• DATA SECTION:
....................

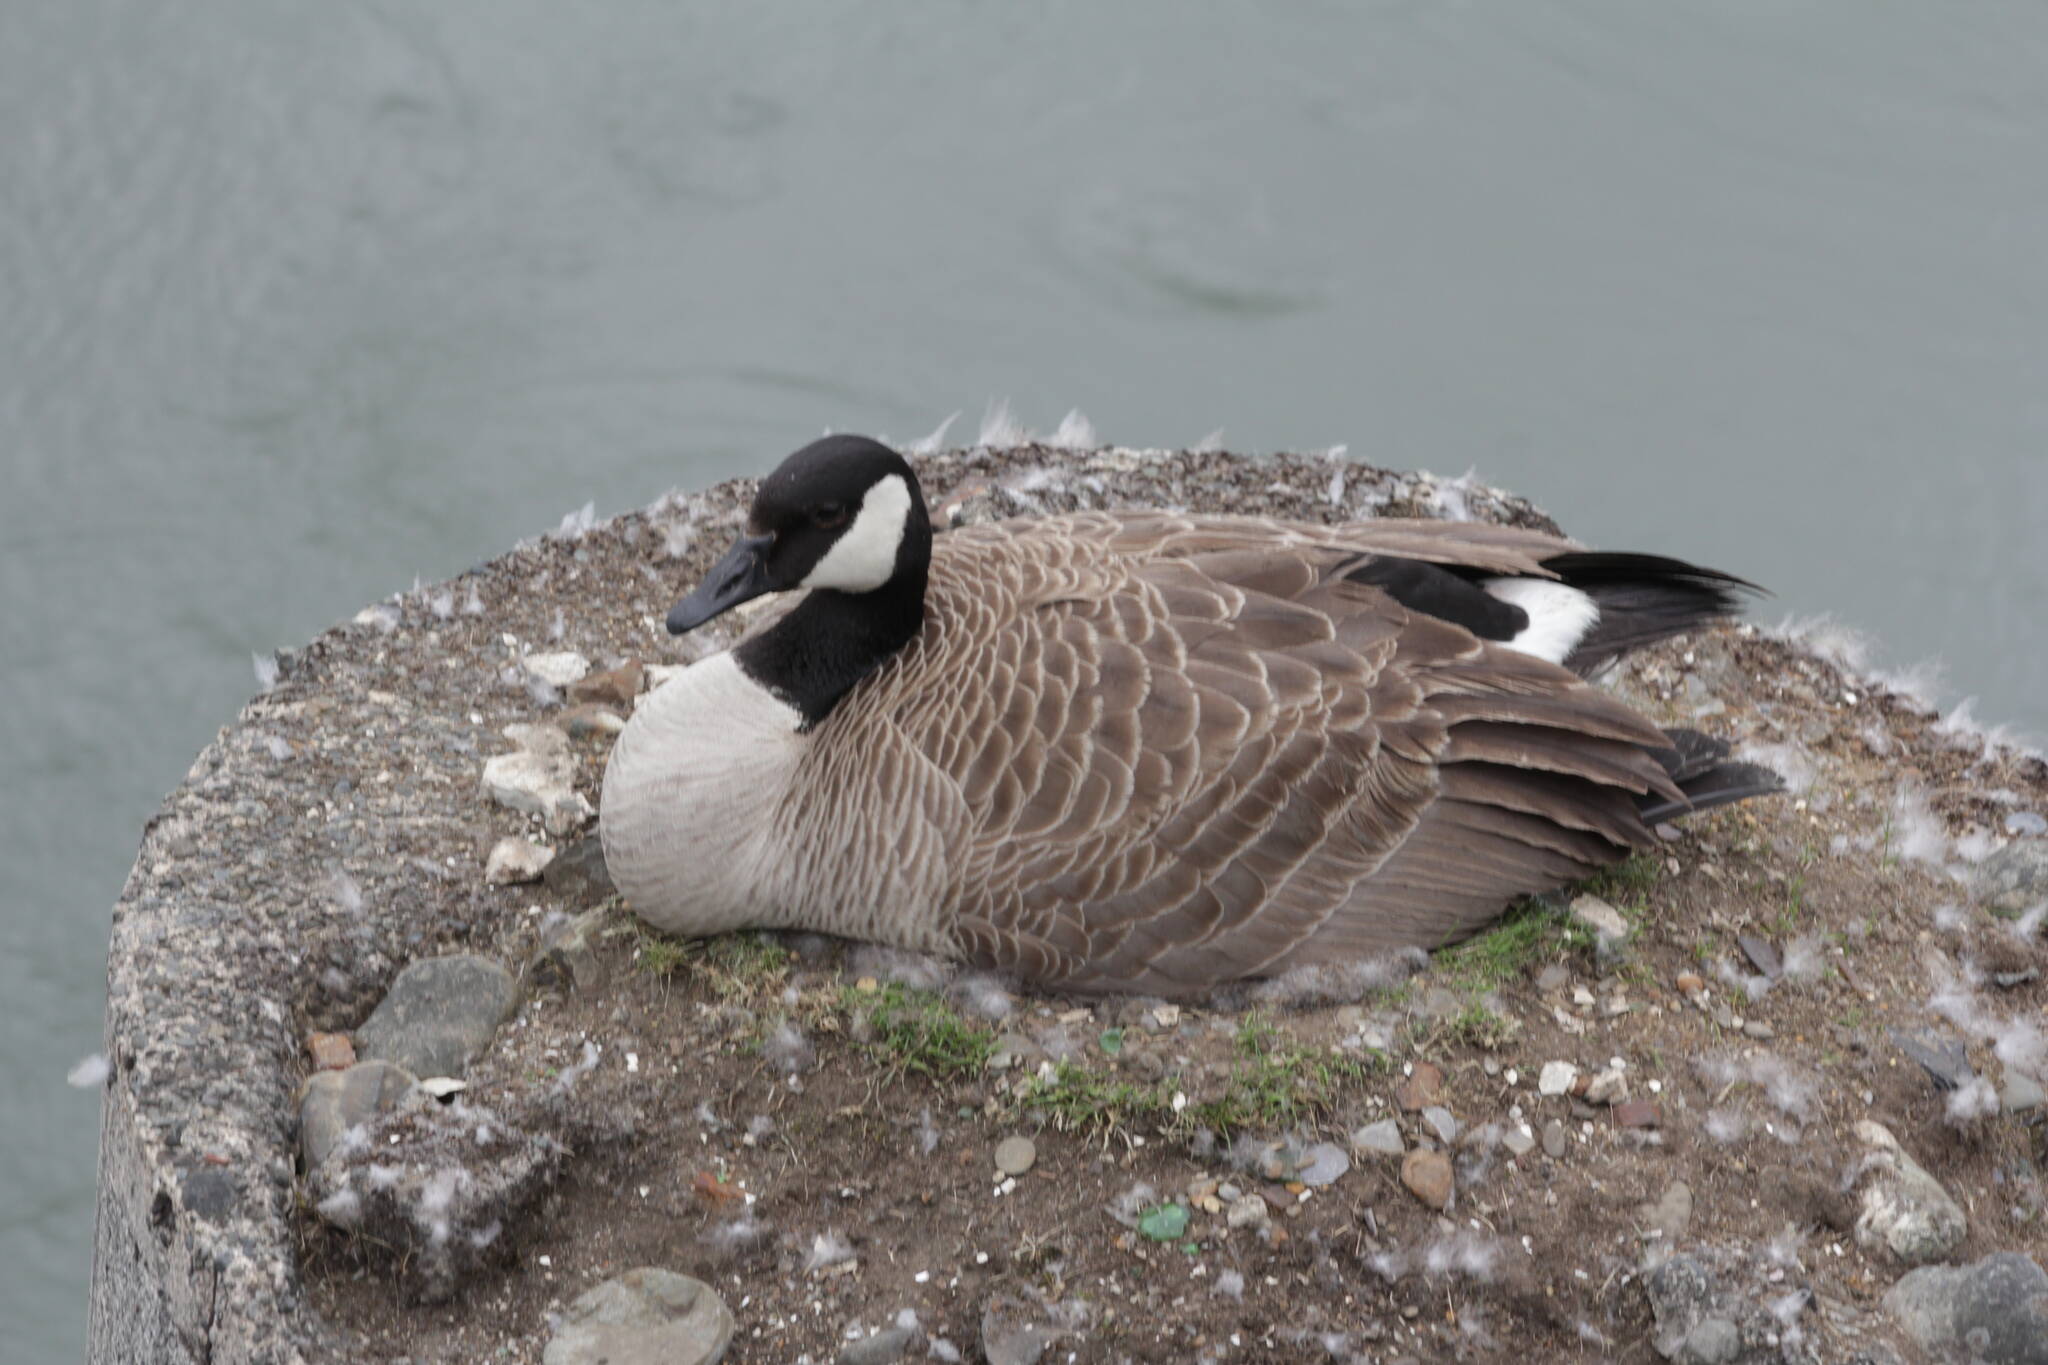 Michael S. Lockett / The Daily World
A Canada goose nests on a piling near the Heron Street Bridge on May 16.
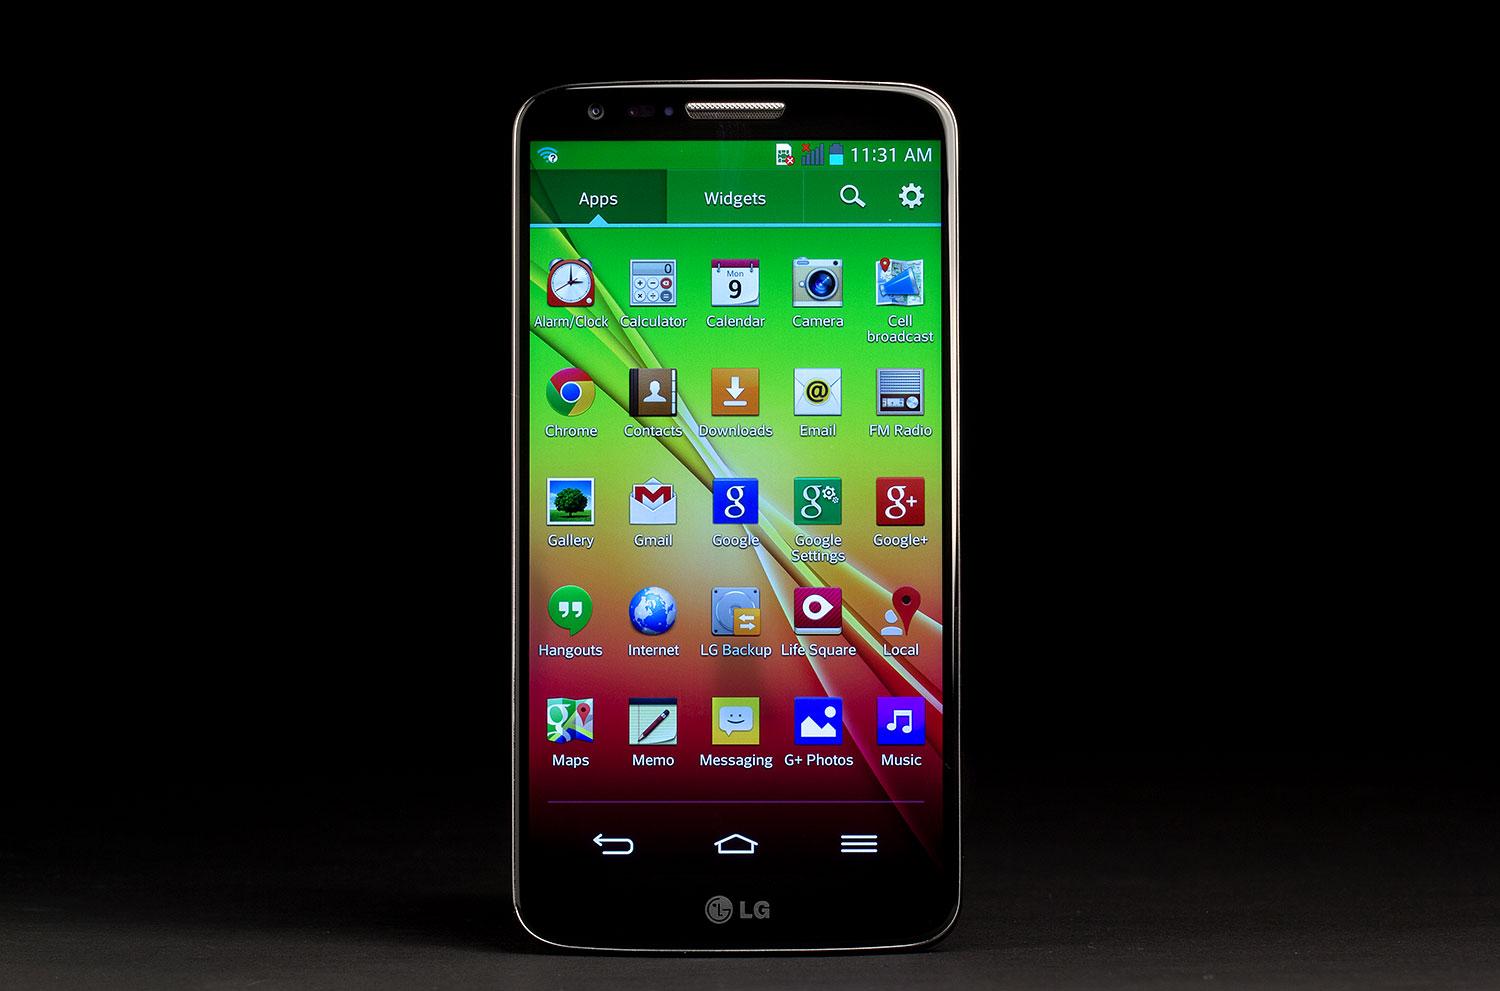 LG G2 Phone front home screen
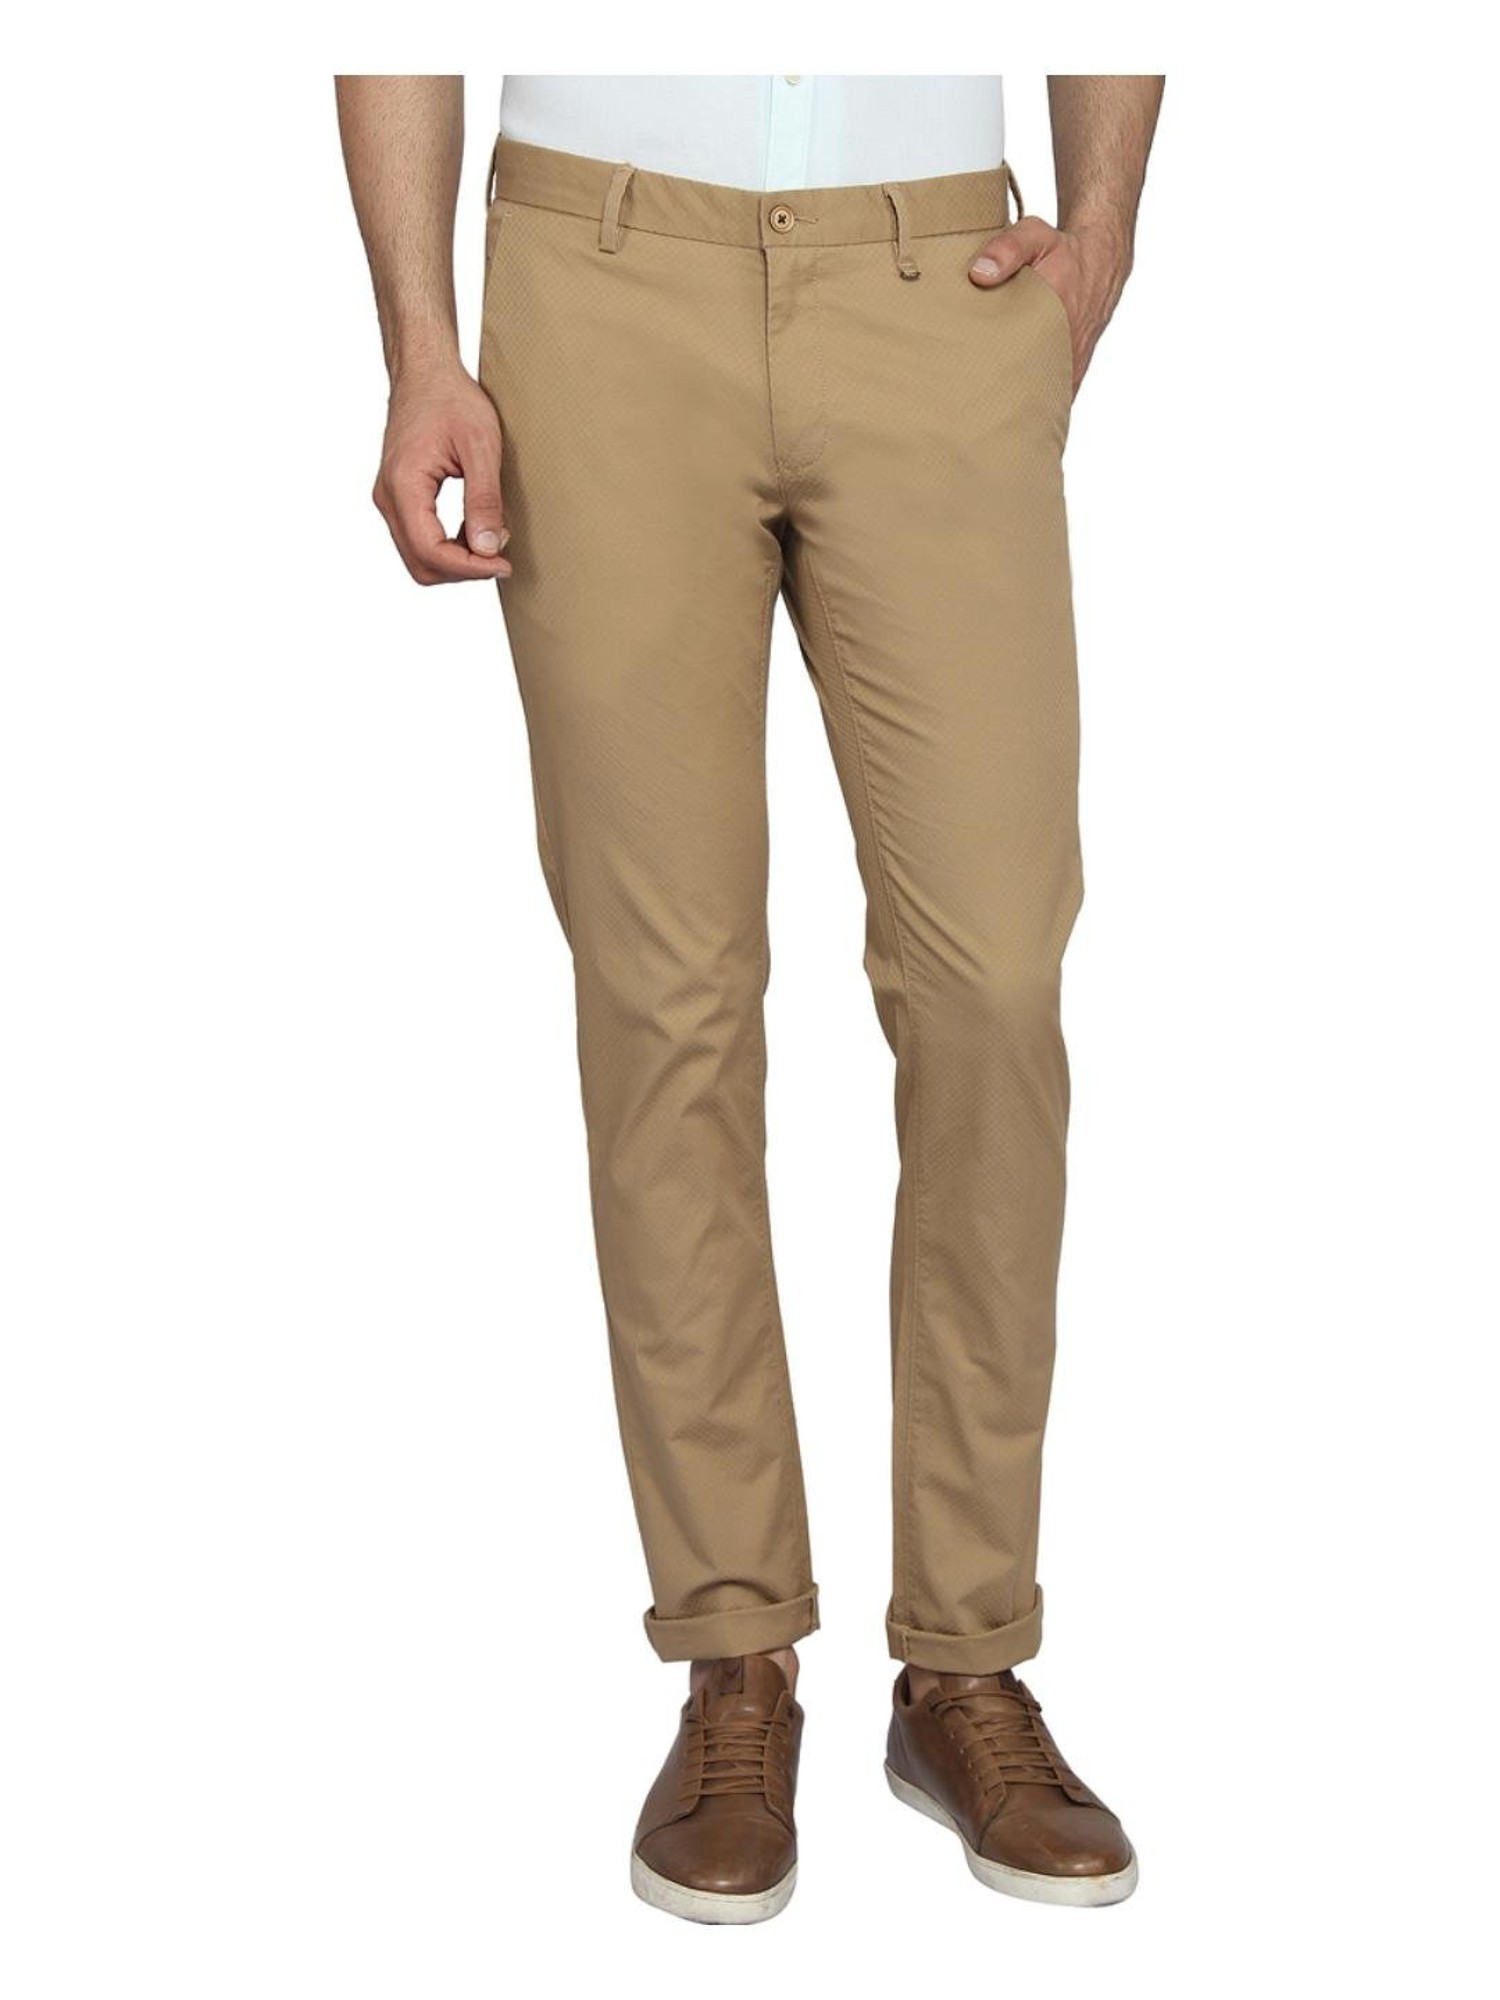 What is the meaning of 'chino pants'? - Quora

....................

• EXERCISE AIM:
Return the material in full and unaltered, minus its pictures.

• TASK OUTPUT:
 Michael S. Lockett / The Daily World
A Canada goose nests on a piling near the Heron Street Bridge on May 16.
 LG G2 Phone front home screen
 What is the meaning of 'chino pants'? - Quora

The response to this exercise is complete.